On the other hand a significant number of (not all) implementations that implemented their own expression evaluators do evaluate ?(@.isbn) that way, including Jayway JsonPath. It's messier to implement it this way because it's not following the textbook evaluation patterns. Jayway does it by treating @.isbn as a recoverable error if isbn is missing, and handling that error to allow other terms being evaluated to continue.

cabo commented 3 years ago

If the draft really is about standardizing existing behaviour, it seems to me that it needs to justify its choices with reference to prior experience. Not just with what "we" (a handful of people) "agreed".

The charter is quite specific:

The WG will develop a standards-track JSONPath specification that is technically sound and complete, based on the common semantics and other aspects of existing implementations. Where there are differences, the working group will analyze those differences and make choices that rough consensus considers technically best, with an aim toward minimizing disruption among the different JSONPath implementations.

Since we do have those differences here, we are asked to consider what is "technically best", but "with an aim toward minimizing disruption". This seems clear to me, and I think our charter writers did a very good job here.

danielaparker commented 3 years ago

Since we do have those differences here, we are asked to consider what is "technically best", but "with an aim toward minimizing disruption". This seems clear to me, and I think our charter writers did a very good job here.

I think it's hard to make a case that the draft is doing much to minimize disruption.

On the one hand, it's becoming incompatible with all of the implementations that use a dynamic language such as Javascript, PHP, Python, Ruby or Lua for evaluating expressions. For users of such implementations, having an expression language in their familiar language, with all of the functions that that language provides, is part of the appeal of these implementations. The users of these implementations all have a normalize-unicode function equivalent for comparing strings, and much else. These users don't care about interoperability, they care about familiarity and expressiveness.

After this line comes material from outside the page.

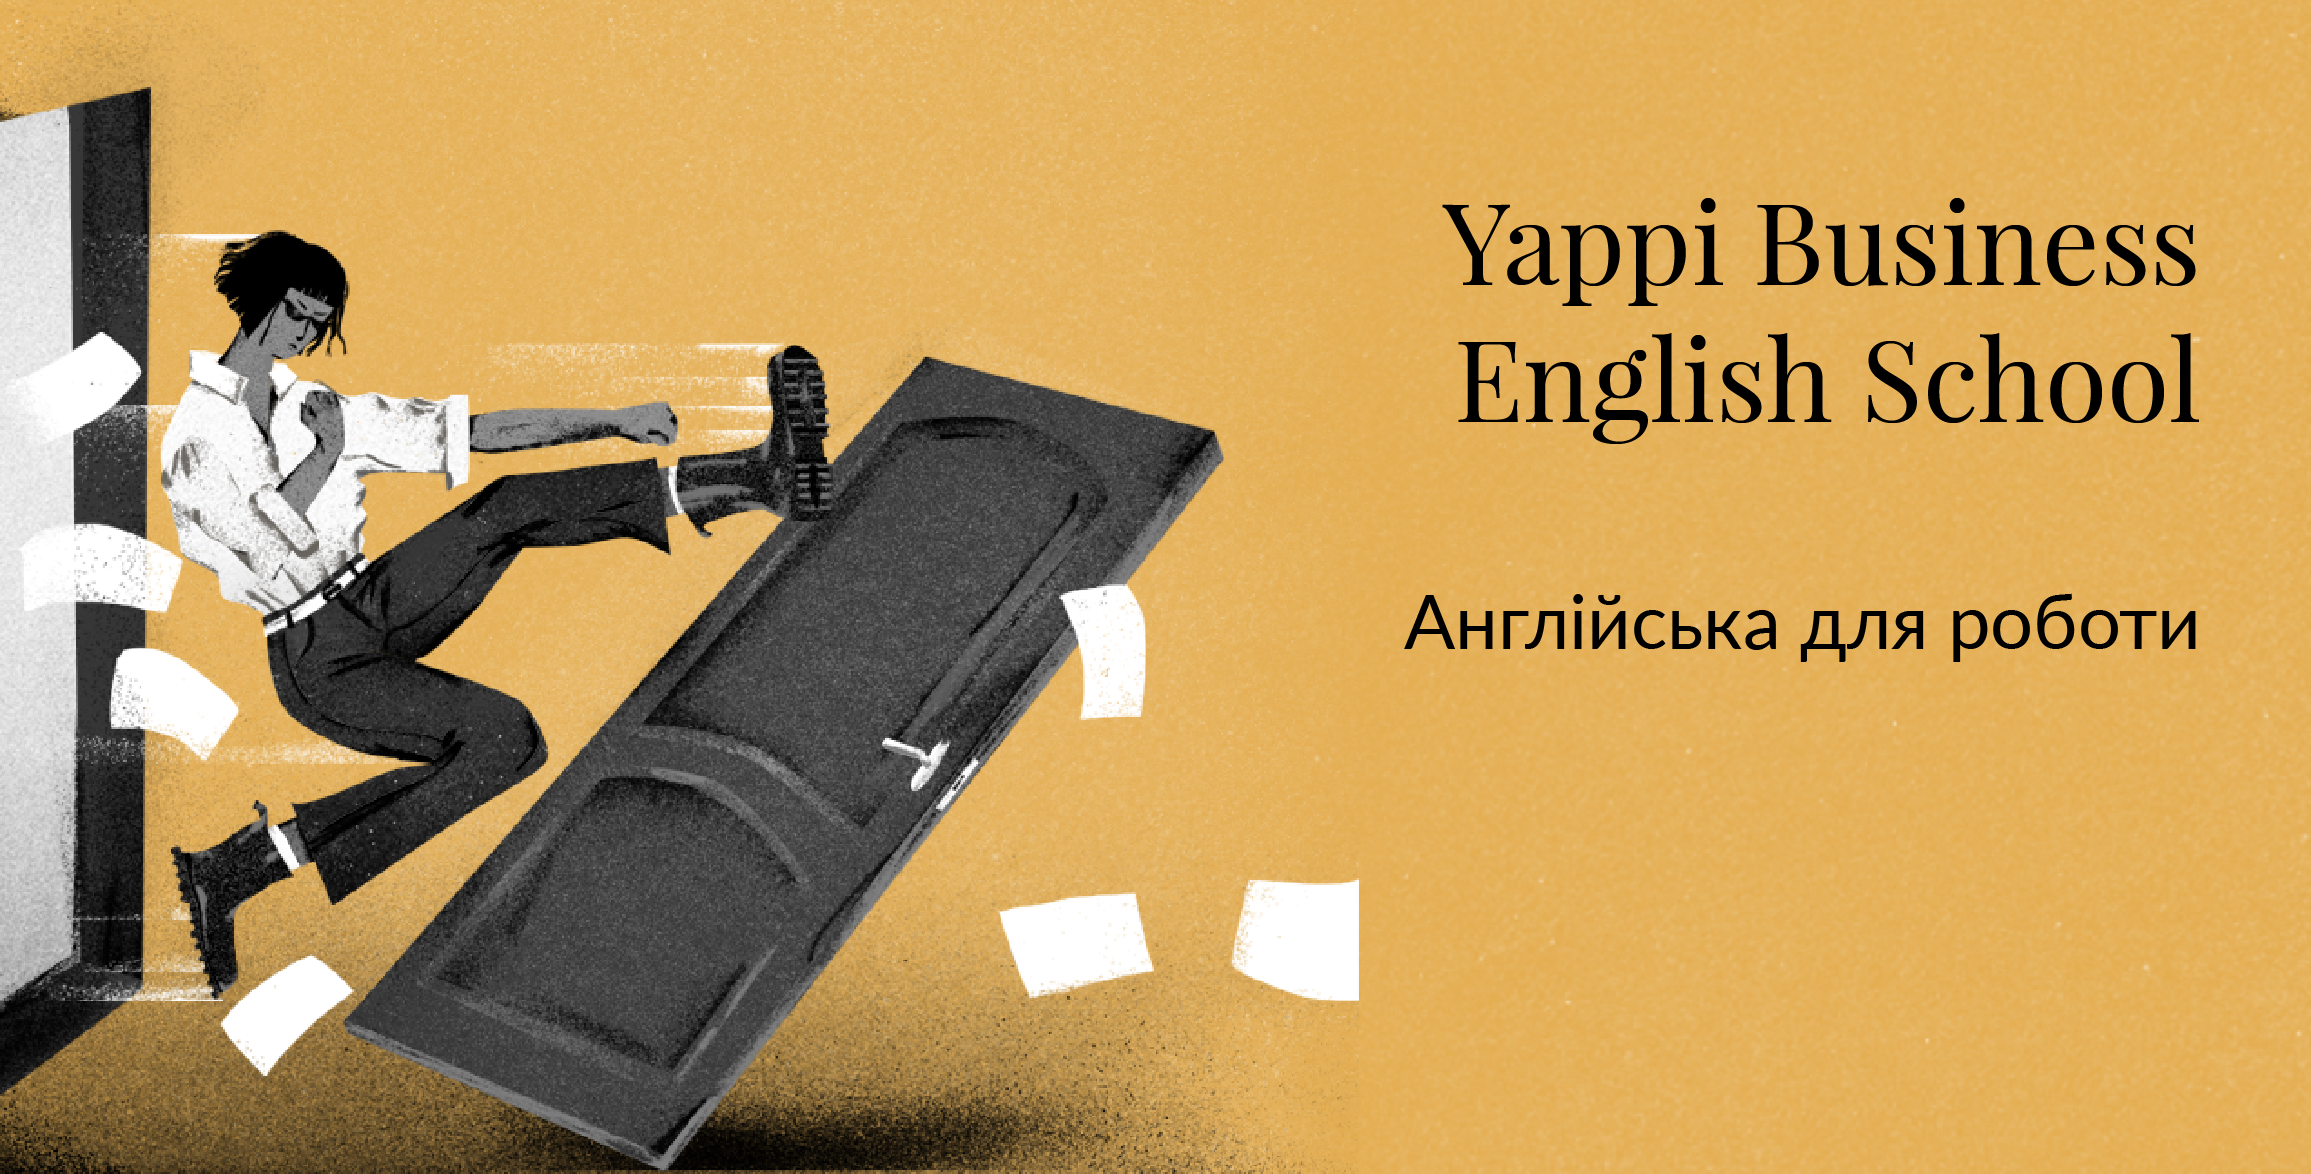 Чем курсы английского языка Yappi отличаются от других школ?

On the other hand, the WG is sketching out an expression language that is different from the expression languages that were developed by other implementations mostly following Jayway Java. These expression languages specified @.relative-path as a JSONPath expression, with rules for "ExecuteSingle" to produce a single value for use in comparisons. @. means something different in the draft, where it's not a JSONPath expression. But Jayway Java is integrated into legacy Java enterprise software, and cannot change.

It seems to me that the draft is departing from both streams of JSONPath that evolved from the original article. I don't see anything in the draft that suggests that the editors consider prior experience important. There is no text in the draft that discusses the important implementations, and which features were motivated by one, which from another, and which are new or refinements.

Anyway, I realize that nobody here is interested in this topic, no doubt for the obvious reason :-)

glyn commented 3 years ago

Daniel wrote:

I don't see anything in the draft that suggests that the editors consider prior experience important. There is no text in the draft that discusses the important implementations, and which features were motivated by one, which from another, and which are new or refinements.

I consider prior experience to be very important and I'm sure Stefan does too. However, I am not sure to what extent the spec should reference particular implementations since such references will not necessarily stand the test of time. Perhaps an appendix is the way to do it, in which case, please feel free to submit a PR to help lead the way forward. Editors need not be the only authors.

Anyway, I realize that nobody here is interested in this topic, no doubt for the obvious reason :-)

Not so.

On Thu, 16 Sept 2021 at 20:48, Daniel Parker @.***> wrote:

Since we do have those differences here, we are asked to consider what is "technically best", but "with an aim toward minimizing disruption". This seems clear to me, and I think our charter writers did a very good job here.

I think it's hard to make a case that the draft is doing much to minimize disruption.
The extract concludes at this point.